The basic mechanism is that the company capital is raised by an Initial Public Offering (IPO). The company issues ‘shares’ for very small denominations such as USD 10-USD 100. This price becomes the ‘face value’ of these shares which form the common stock, known as the actual capital. The shares are freely tradeable in any stock markets where the company is registered through the stock exchanges. A share is a security investment, and parameters such as bonds and debentures having similar working are also included in the connotation of ‘stock’.
After the IPO, when the shares have entered the stock market, the general laws of economics- the law of demand and supply, decide their market value. Investors and stock brokers capitalize on the market value of the stock and shares. It goes without saying that stock prices are dynamic and tend to change every day. The key to make money through this market is to buy at a low price and sell at a high price. So how can one predict or forecast what the price of shares is going to be?
Methodology
There are several ways by which the stock market behavior can be faintly chalked out. Learning about it is a 24/7 process and you need to keep yourself updated about all the facts as of current date. The more facts you know, the better you can interpret this market.
- Getting to know the simple laws and economic concepts is of crucial importance, because the stock markets and stock prices are chiefly governed by common demand and supply forces. The thumb rule is- more the demand, more is the stock price and vice versa. The supply level of the stocks remain constant as the number of shares are usually same. In case of an IPO, the prices that immediately follow the offering (which is a supply), are also influenced by similar laws. For example, the prices of stocks of popular and well-known companies tend to shoot up as many people demand the freshly issued shares.

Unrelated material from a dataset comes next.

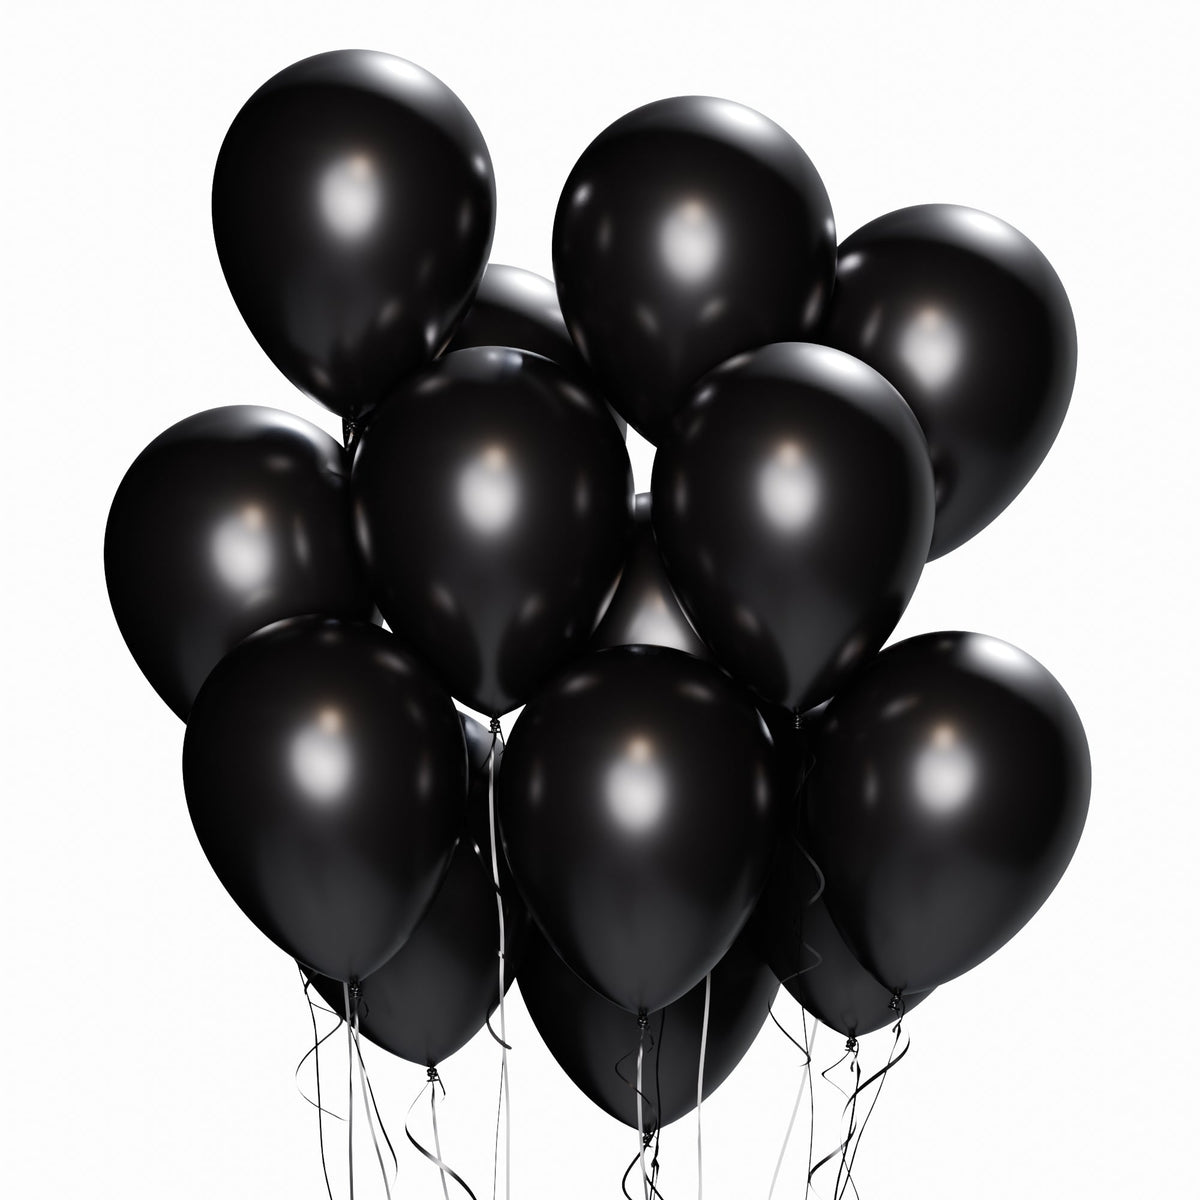 WIDE OCEAN INTERNATIONAL TRADE BEIJING CO., LTD Balloons Black Latex Balloon 12 Inches, Pearl Collection, 15 Count 810064198021
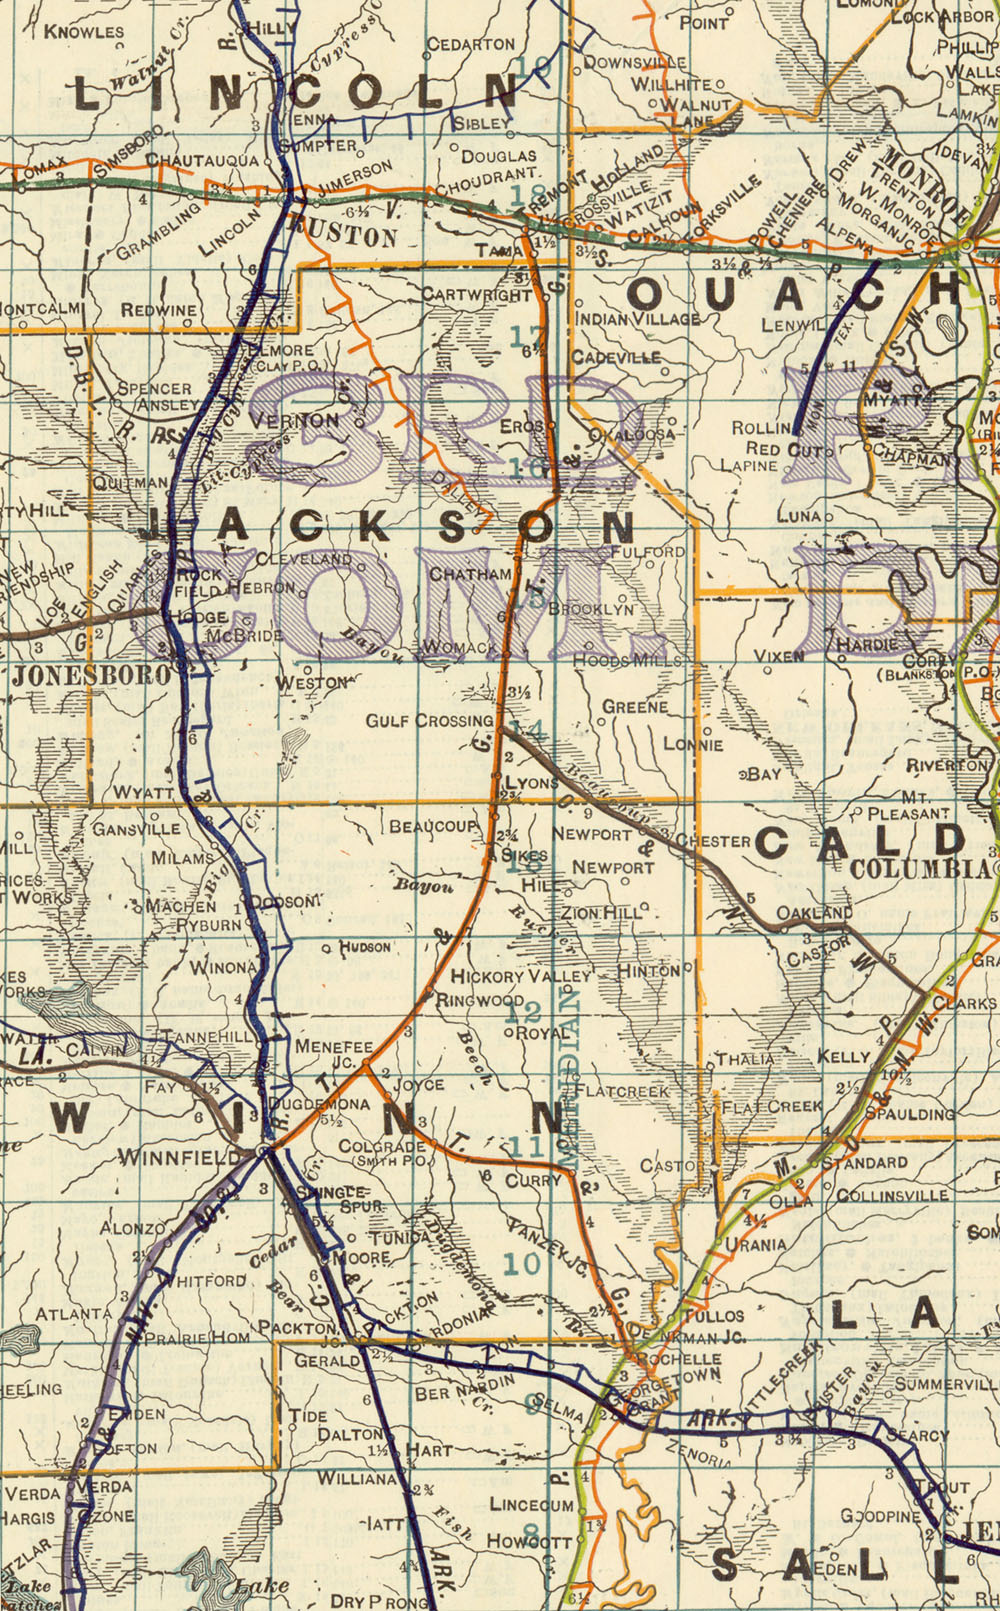 Tremont & Gulf Railway Company (La.), Map Showing Route in 1922.

- Now, we begin with the hardcore financial analysis of stocks. The first criteria of comparison is the company stock. The performance of the company within the field or sector in which it operates is of crucial importance. The better the company’s sales, performance, and reputation, the better is the stock price going to be. Such stocks also tend to have a very high dividend.
- Some financial fundamentals such as the prior market price of the share, the financial behavior of the company, and the balance sheet analysis are also great pointers as to how the stock is doing or may perform in the future.
- Next comes the management style which is a crucial factor, and the share market price is significantly affected by it.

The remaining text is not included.